= Given material =
-- Opening Marker --

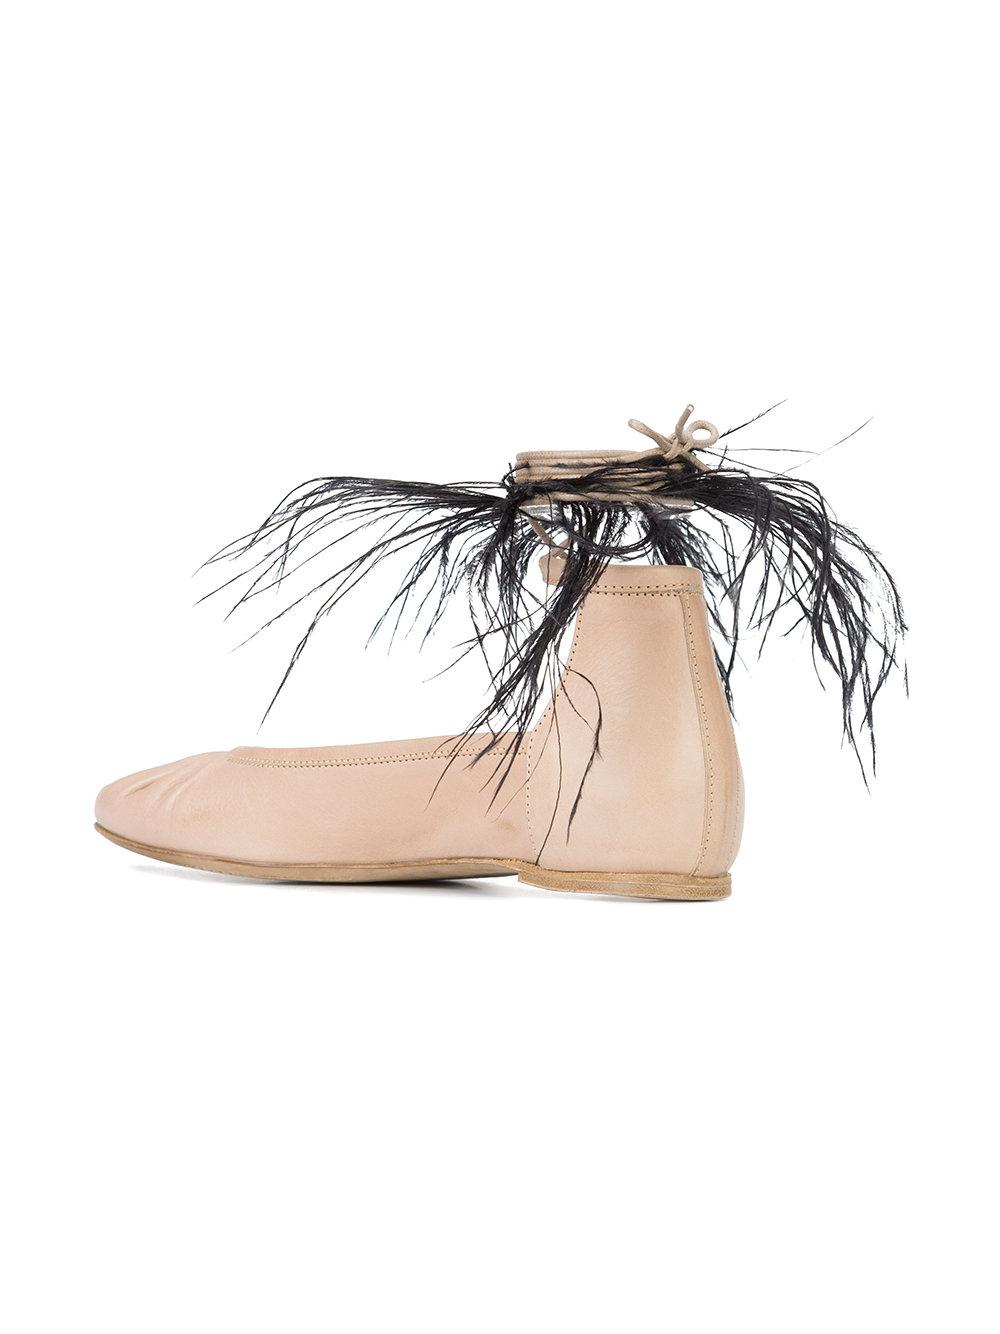 feather detail ballerinas - Nude & Neutrals Ann Demeulemeester DlqNe
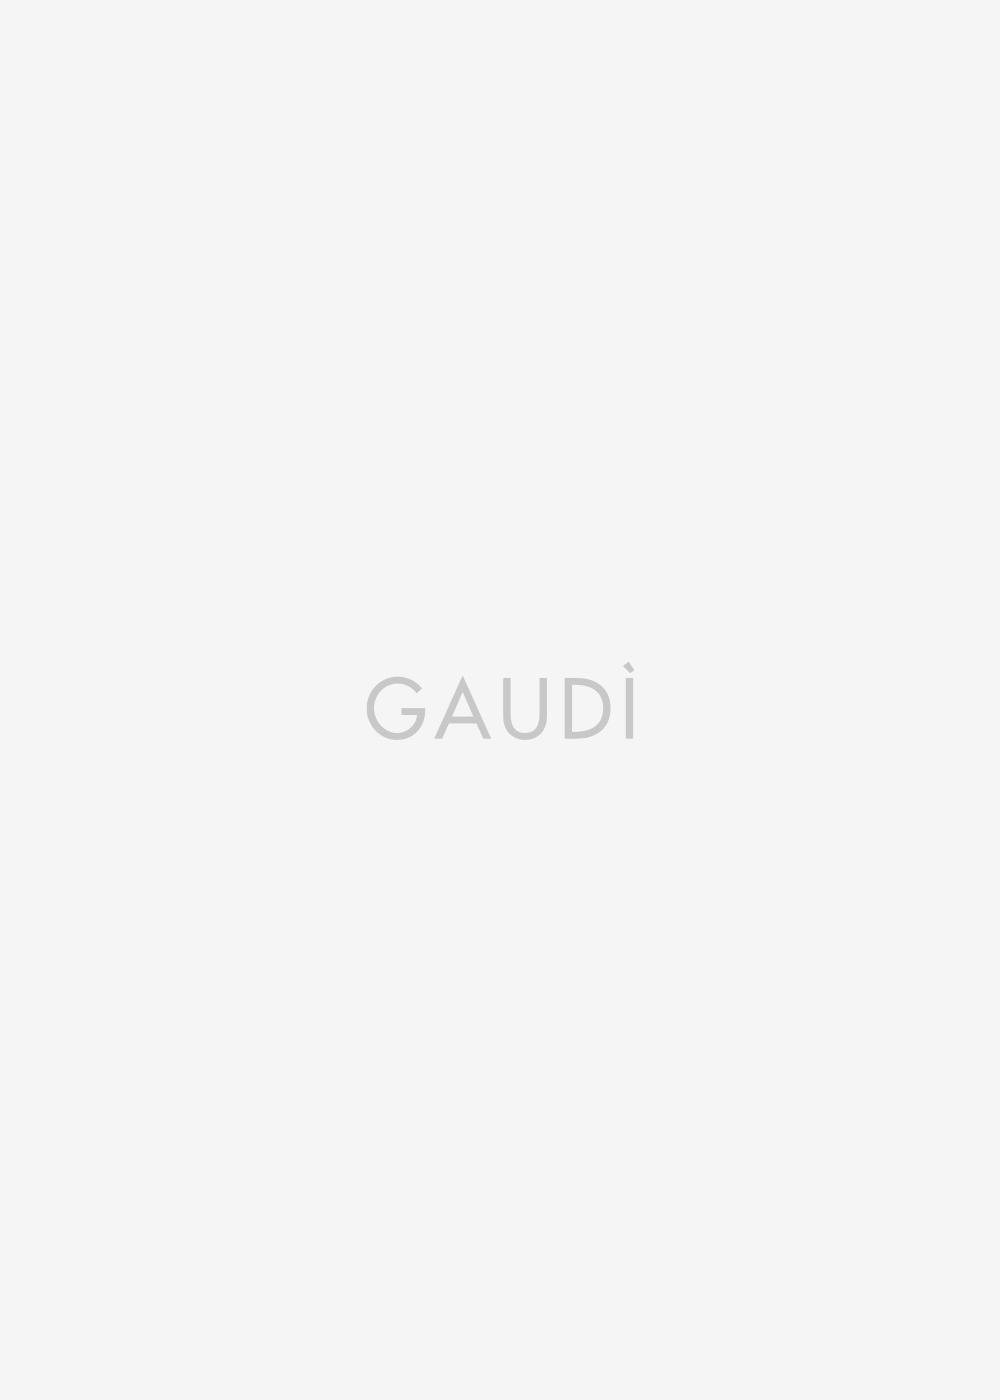 Metallic patent leather bag Gaudì Fashion
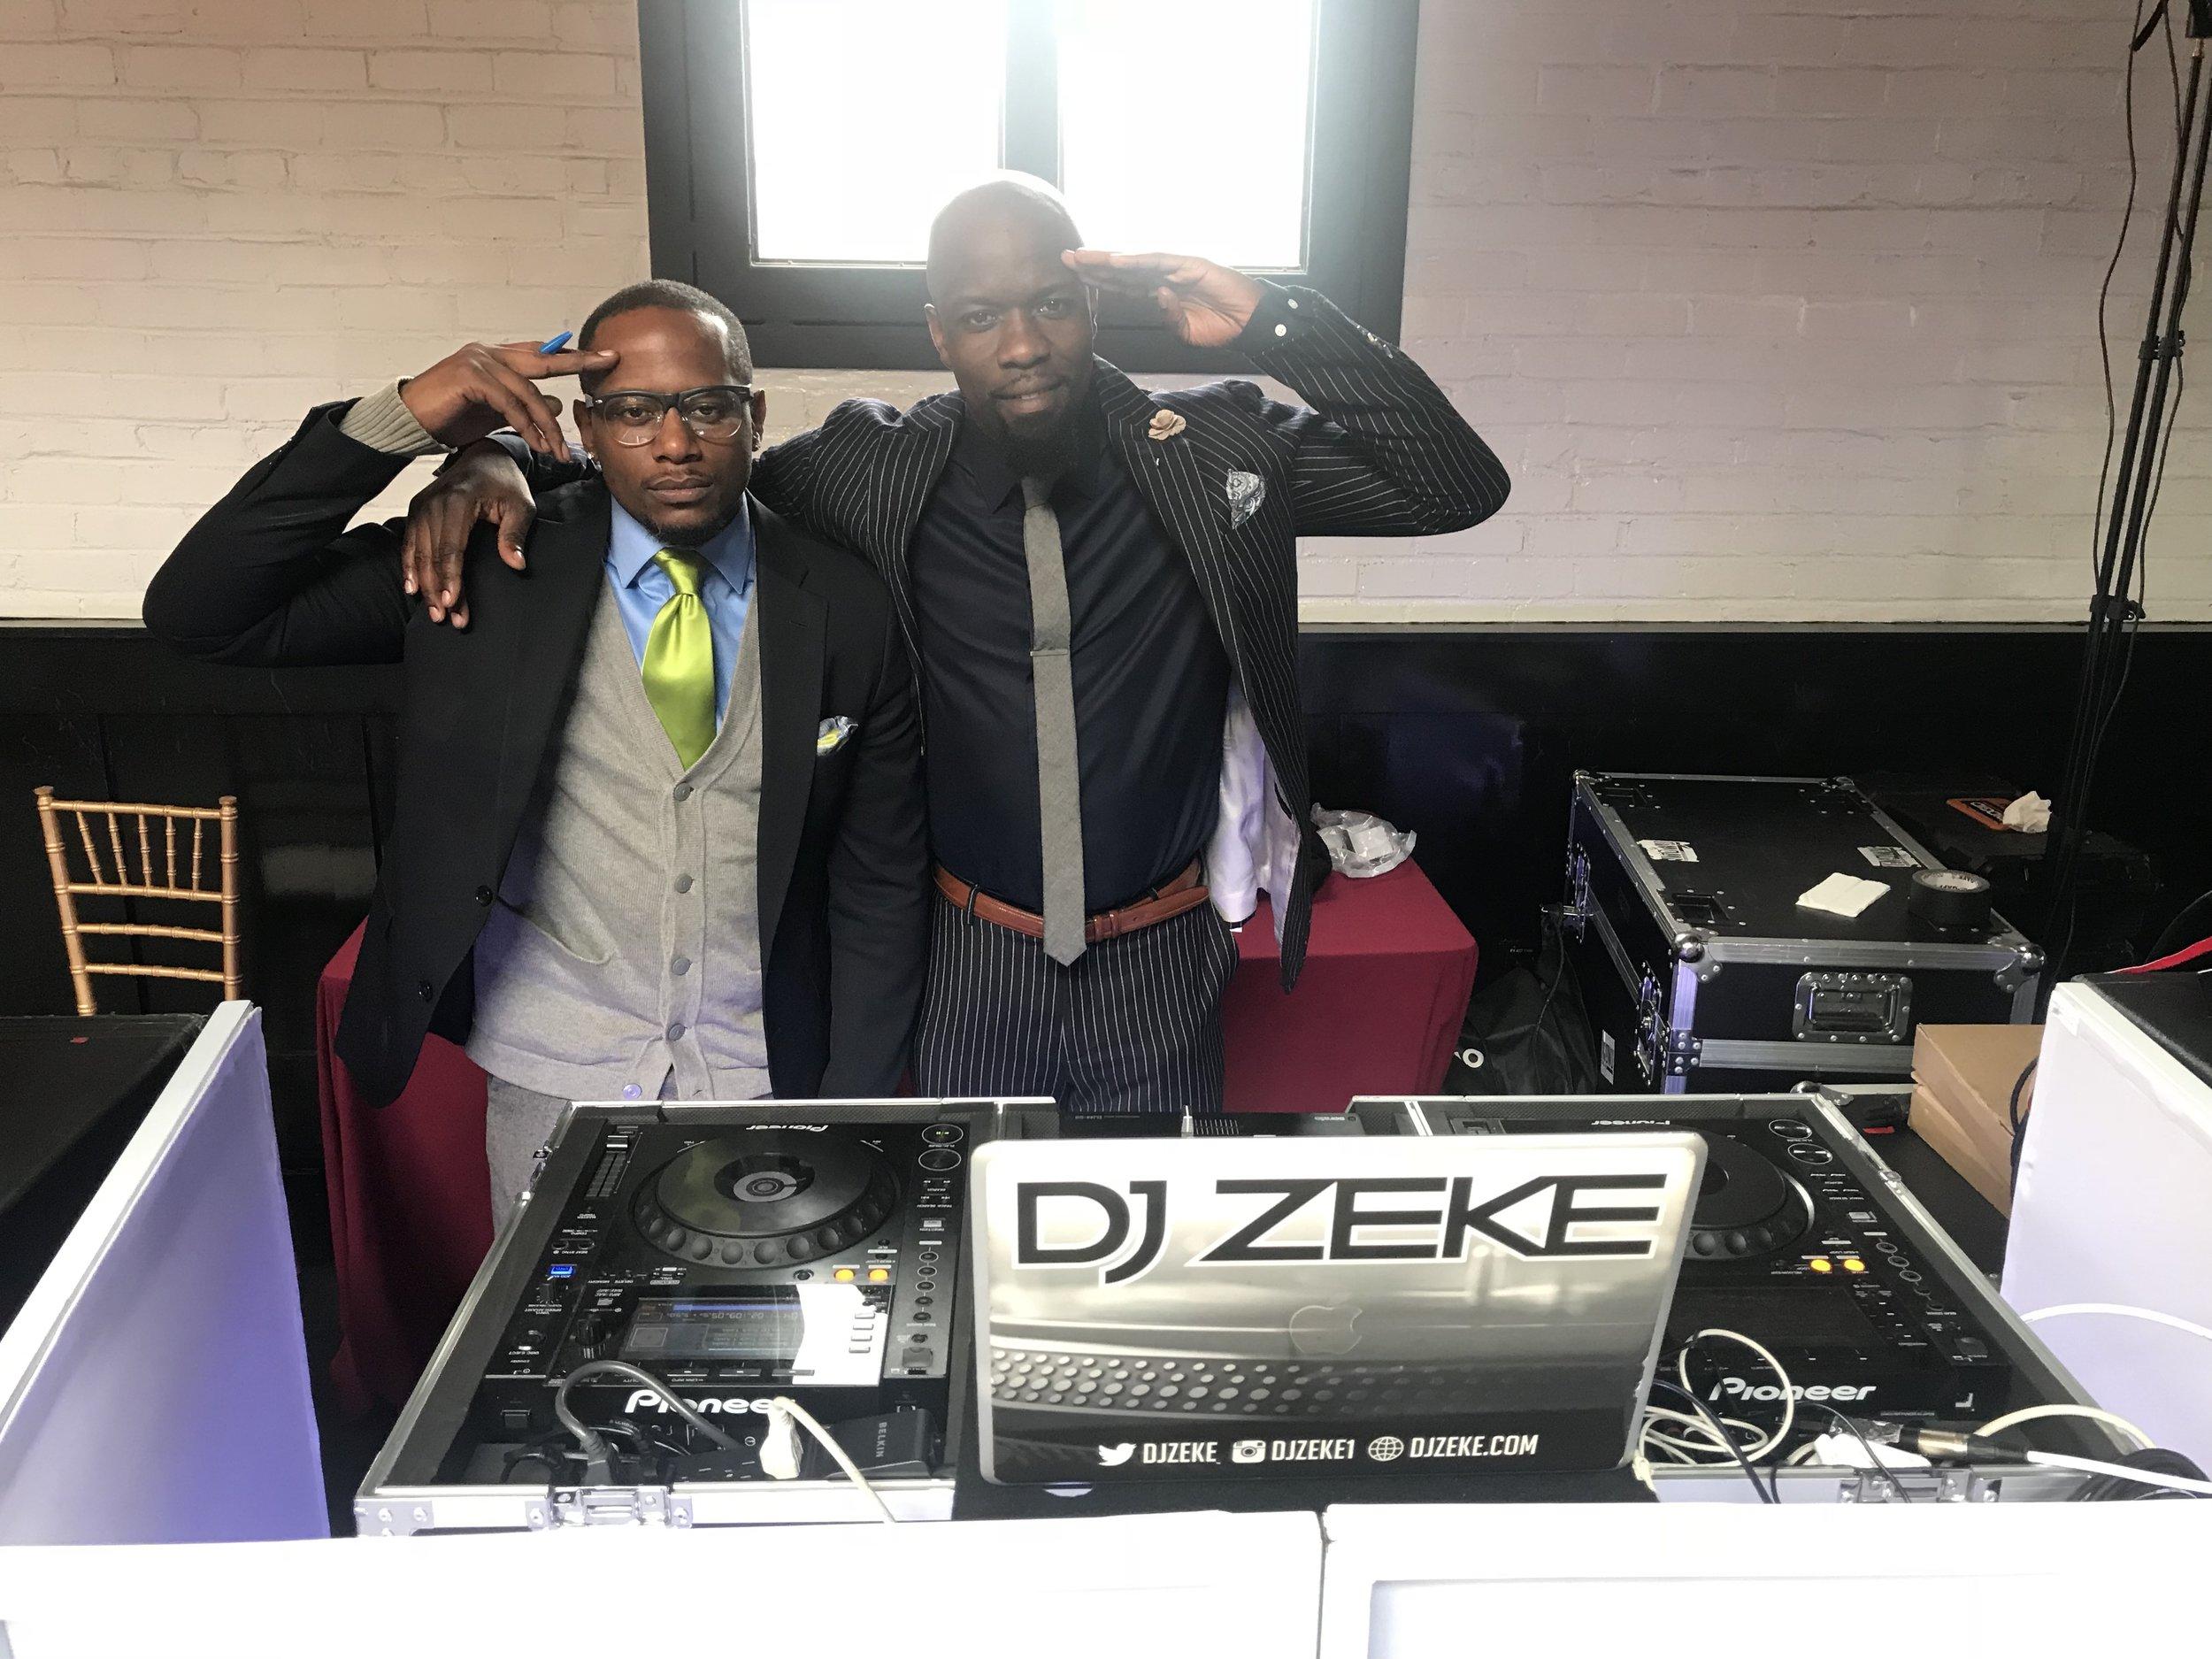 Mr. & Mrs. White Recap Video (DJ Zeke Entertainment LLC) 10/28/18

-- Closing Marker --

= What you have to do =
In the answer, the data should reappear exactly, with no pictures.

= Written reply =
 feather detail ballerinas - Nude & Neutrals Ann Demeulemeester DlqNe
 Metallic patent leather bag Gaudì Fashion
 Mr. & Mrs. White Recap Video (DJ Zeke Entertainment LLC) 10/28/18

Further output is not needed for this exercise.